Debugging an insertion failure

EDIT: After writing this I have tried using exactly the same code but configured the weaviate container to use text2vec-cohere and not text2vec-transformers. I therefore suspect the problem is with the latter.

I am trying to insert objects in a Weaviate collection with an external vectorization module, both run in local containers.

I am confused since there’s a discrepancy between the number of objects I’m trying to insert and the ones that are actually inserted (none), but the collection.batch.failed_objects and failed_references are both empty.
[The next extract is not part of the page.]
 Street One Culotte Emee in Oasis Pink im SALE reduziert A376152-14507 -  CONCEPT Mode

This is one of the weaviate container log lines:
weaviate-1 | {"action":"restapi_request","level":"debug","method":"POST","msg":"received HTTP request","time":"2024-04-08T09:12:30Z","url":{"Scheme":"","Opaque":"","User":null,"Host":"","Path":"/v1/graphql","RawPath":"","OmitHost":false,"ForceQuery":false,"RawQuery":"","Fragment":"","RawFragment":""}
nothing to be see from the model container either (BTW how to add a timestamp here):
t2v-e5-mistral-1 | INFO: 127.0.0.1:59582 - "GET /docs HTTP/1.1" 200 OK
Here is the complete code:

# pylint: disable=C0301,W0703,W0718,W0719
""" fill the Articles collection schema """
import sys
from datetime import date, timedelta
from dotenv import load_dotenv
from weaviate.client import WeaviateClient
from weaviate.exceptions import WeaviateBatchError, WeaviateBaseError
from manivectors.memalib.mema_utils import get_env_variable
from manivectors.memalib.mema_wv import wv_connect
from manivectors.memalib.mema_graph import get_articles
from manivectors.memalib.logconfig import APPLOG


def main() -> None:
    """
    Connects to a Weaviate instance and manages a collection of articles.
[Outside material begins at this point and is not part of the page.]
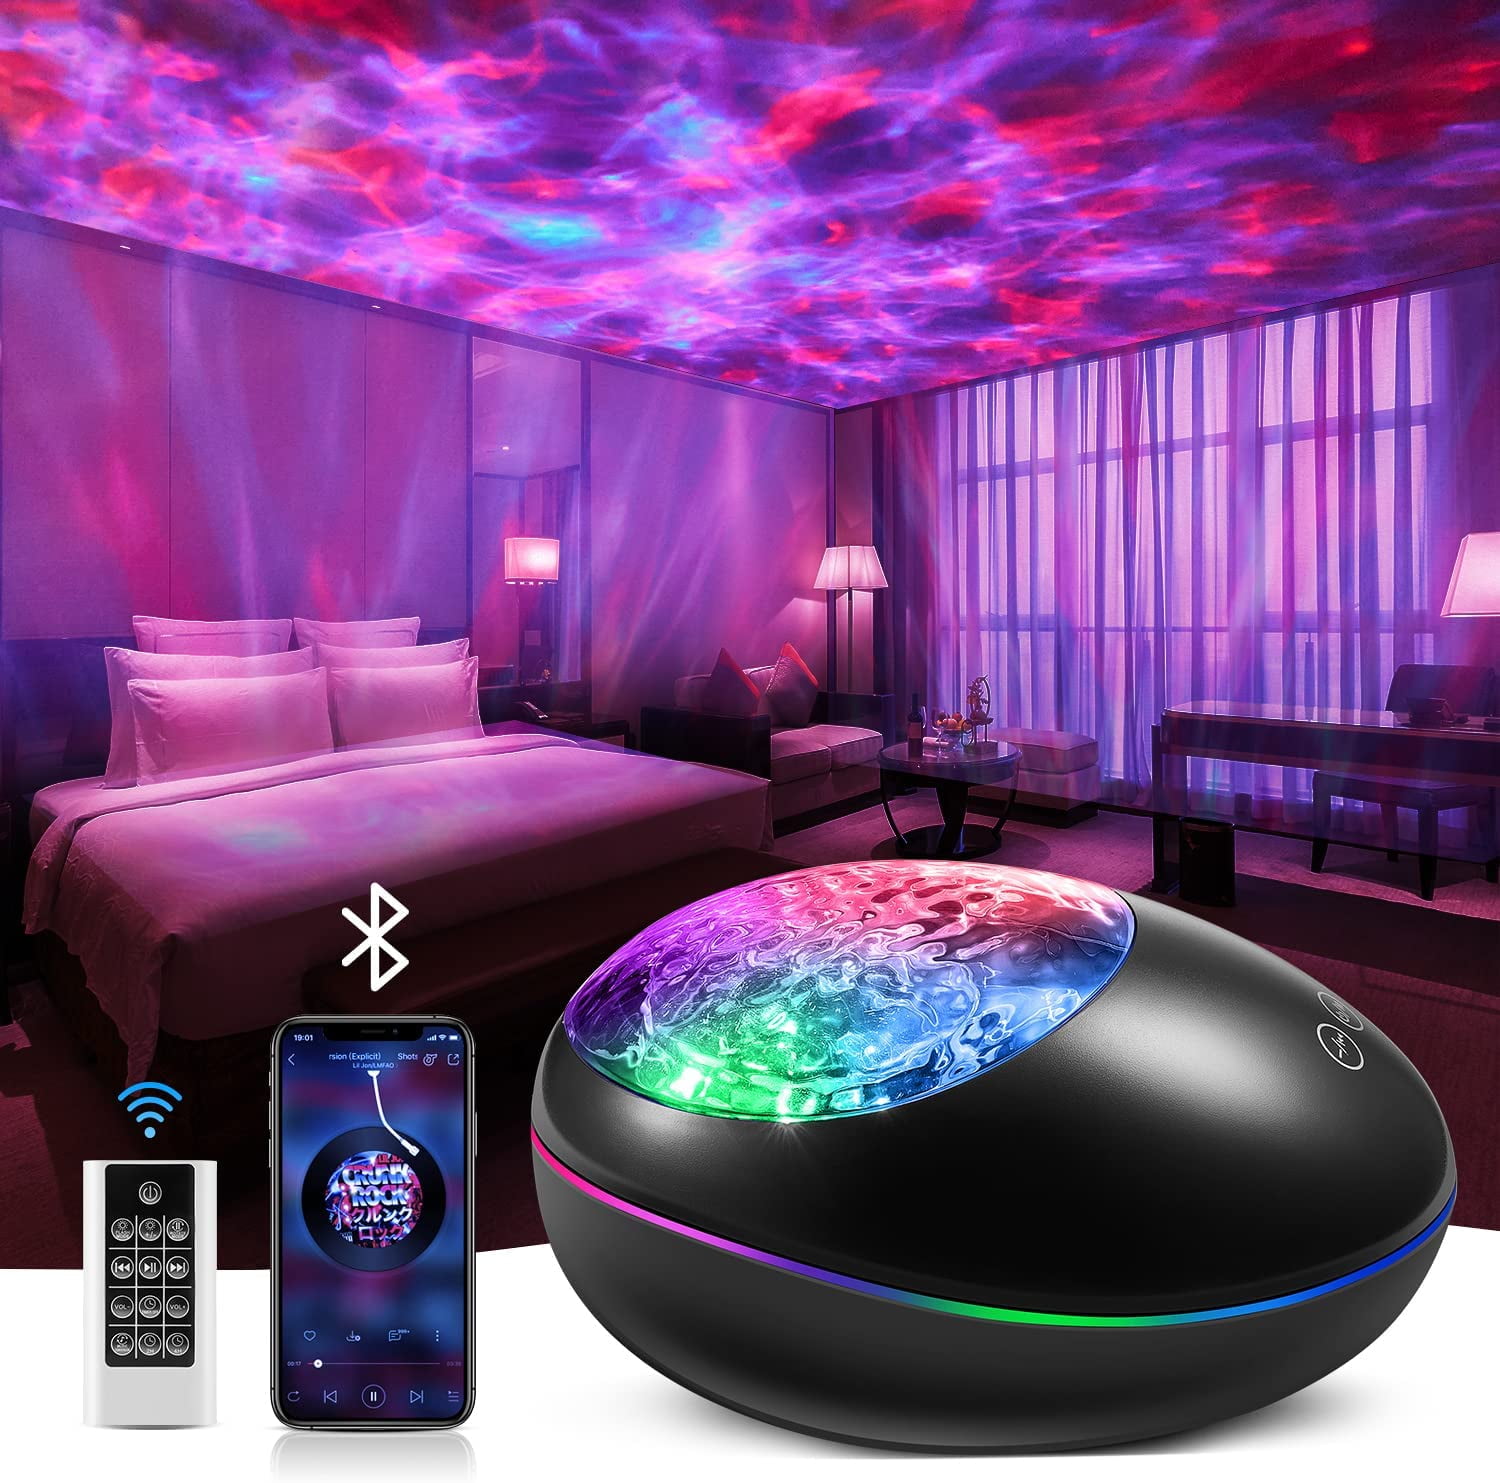 Voice&Remote Best Gift for Galaxy Light Projector for Bedroom Theatre/Game Rooms Sky Nebula/Moving Ocean Wave Party with Bluetooth Speaker Star Projector Night Light for Ceiling for Adults and Kids

    This script loads environment variables, connects to a Weaviate instance,
    and either creates or updates a collection named `Articles` (or another name
    specified in the environment variables) with a predefined schema. It then
    retrieves and prints the schema of the created or updated collection.
    """
    # prepare the environment
    load_dotenv()
    wv_host: str = get_env_variable("WV_HOST", default_value="weaviate")
    wv_port: int = int(get_env_variable("WV_PORT", default_value=8080))
    wv_grpcport: int = int(get_env_variable("WV_GRPCPORT", default_value=50051))
    # wv_ratelimit: int = int(get_env_variable("WV_RATELIMIT", default_value=5000))
    wv_artcollname: str = get_env_variable("WV_ARTCOLL", default_value="Articles")
    wv_artfrom: str = get_env_variable("WP_ARTFROM", default_value="2024-01-01")
    wv_artto: str = get_env_variable(
        "WP_ARTTO",
        default_value=(date.today() + timedelta(days=1)).strftime("%Y-%m-%d"),
    )  # tomorrow's ISO date string
    wv_artcollname: str = get_env_variable("WV_ARTCOLL", default_value="Articles")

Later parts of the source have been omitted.